You may be able to reduce your risk of some forms of bowel obstruction by modifying your diet and lifestyle. For example:

  • To help prevent colorectal cancer, eat a balanced diet low in fat with plenty of vegetables and fruits, don't smoke, and see your doctor for colorectal cancer screening once a year after age 50.

  • To help prevent hernias, avoid heavy lifting, which increases pressure inside the abdomen and may force a section of intestine to protrude through a vulnerable area of your abdominal wall. If you develop an abnormal lump under the skin of your abdomen, especially near your groin or near a surgical scar, contact your doctor.

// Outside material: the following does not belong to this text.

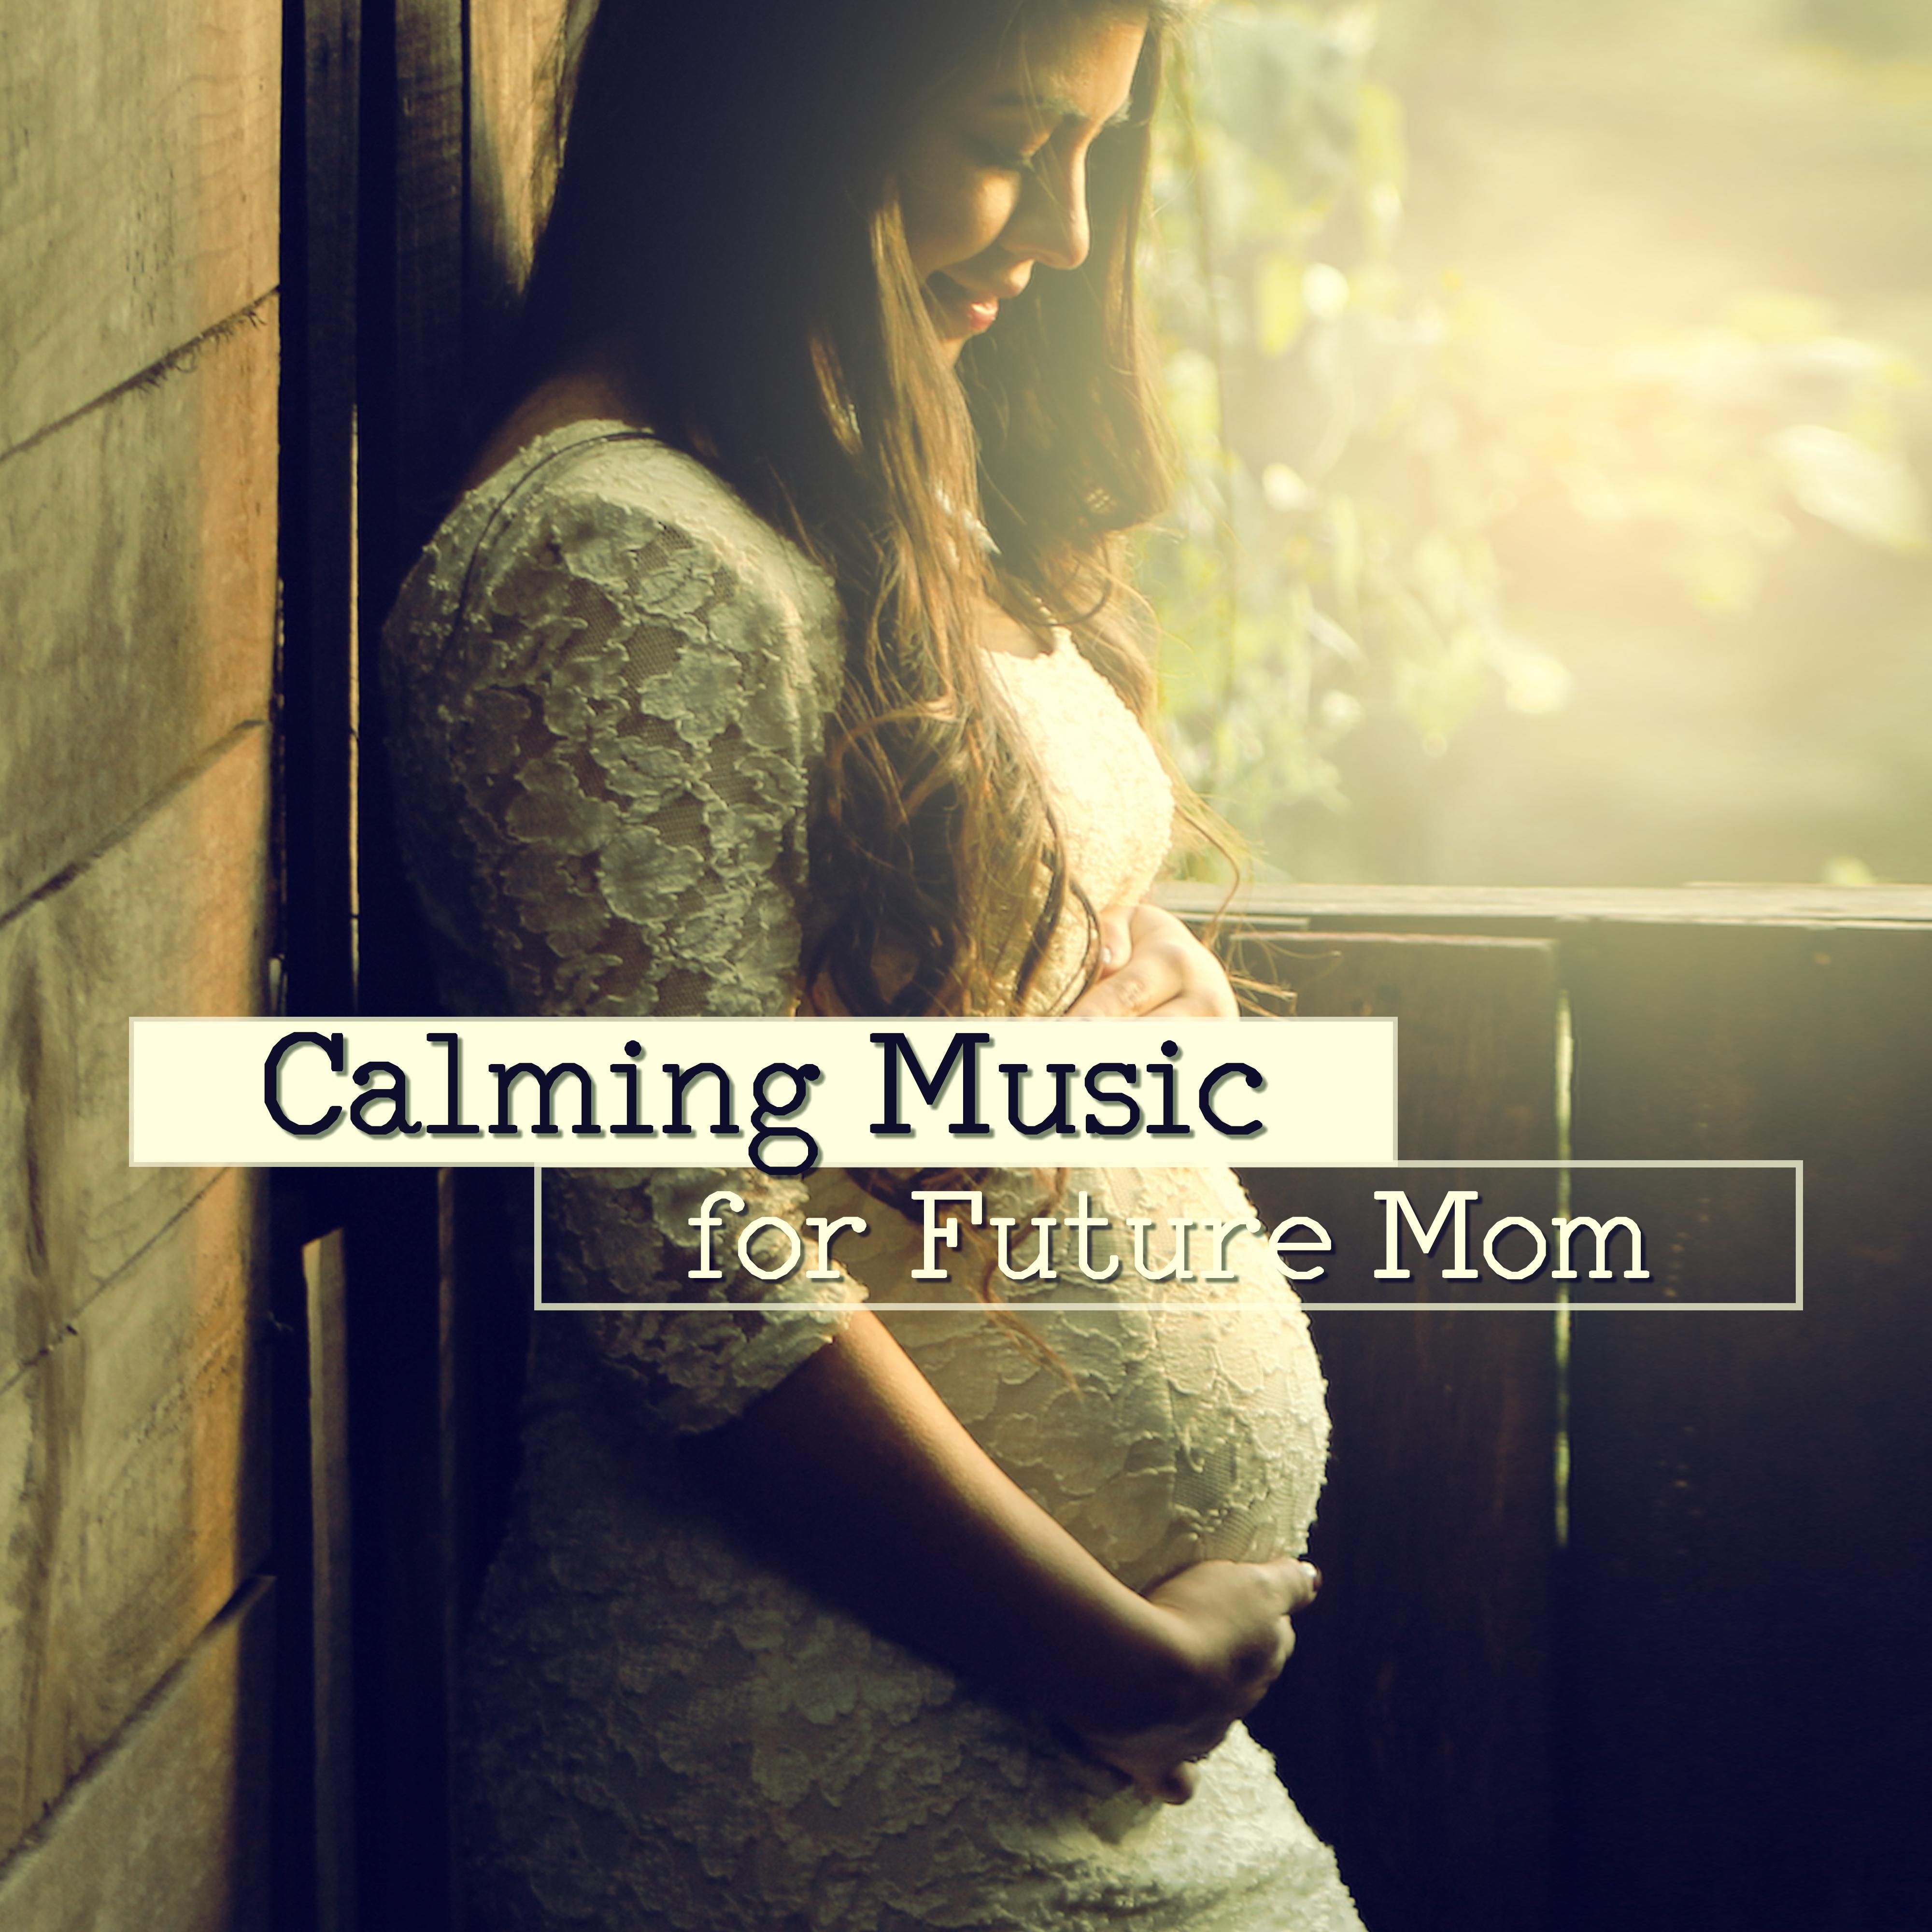 Calming Music for Future Mom – Pregnancy Music, Soothing Sounds, Prenatal Yoga, Zen Music, Stress Relief, Deep Sleep, Healing Music for Pregnant Woman
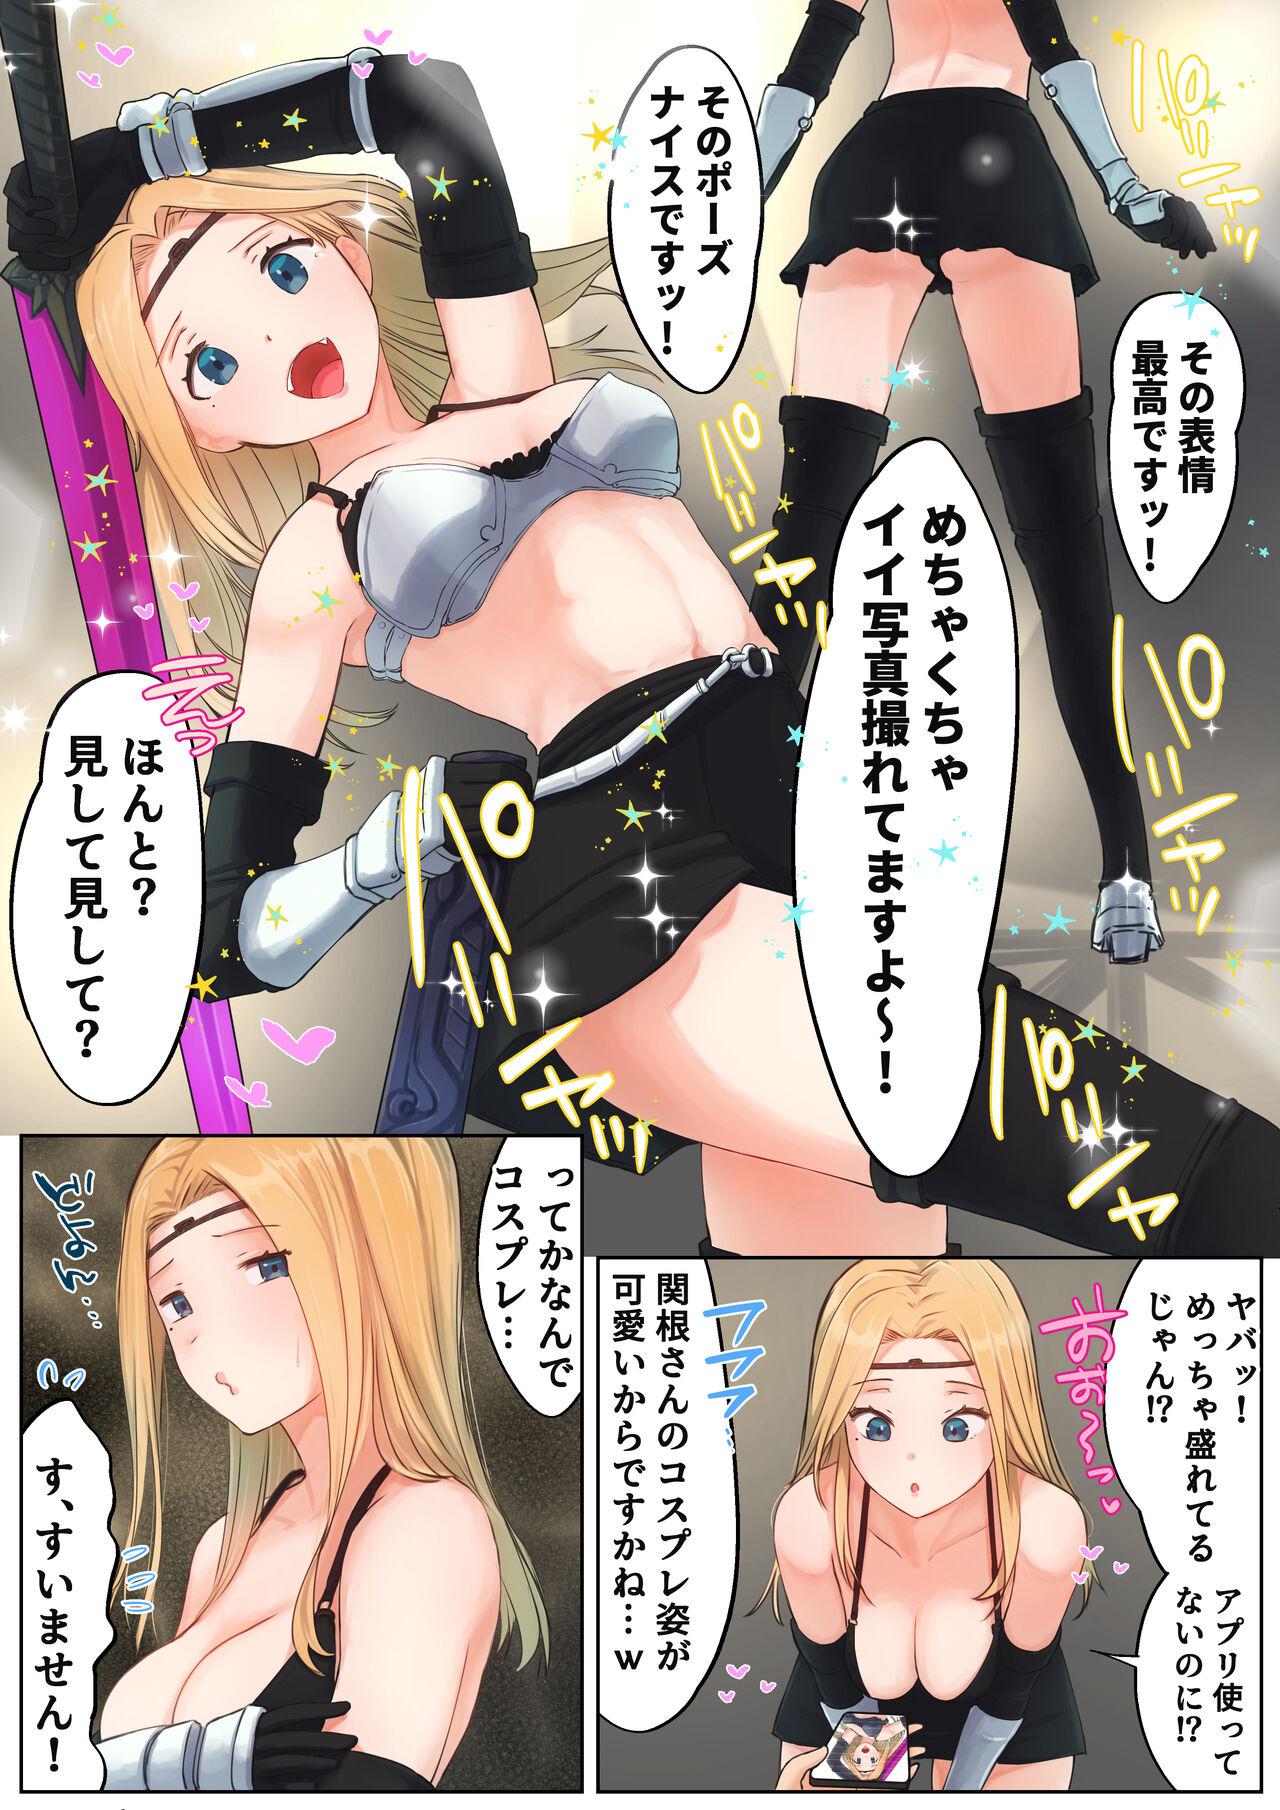 Gay College クラスメイトのギャルと始めるハメ撮りバイ - Original Point Of View - Page 4

  • There is no proven way to prevent obstruction caused by diverticular disease, but some doctors believe that people with diverticular disease should follow a high-fiber diet and avoid foods that may become lodged in the diverticula, such as seeds and popcorn.

Treatment

If you have a bowel obstruction, you will be treated in a hospital. A flexible, lubricated nasogastric tube (NG tube) can be inserted through your nose into your stomach to help remove excess gas from your stomach and intestines. You will be given fluids intravenously (through a vein) because you will not be allowed to eat or drink.

Partial small-bowel obstruction often improves within a few days, and the NG tube can be removed if one was used. At that point, you will be given sips of fluid. If you tolerate this, you will be given a full liquid diet for a day or more followed by solid foods that are easy to digest. A complete bowel obstruction often requires surgery to correct or remove the cause of the obstruction (tumor, adhesions, stricture), repair the hernia, or fix the segment of intestine at risk for repeated volvulus. During this surgery, a segment of damaged or strangulated intestine also may be removed.

It is sometimes most practical for your doctor and you to take a "wait and see" approach if you recover from one or two episodes of bowel obstruction without surgery. You may eventually require surgery to correct the cause of the blockage or to prevent future episodes, but not everyone needs surgery.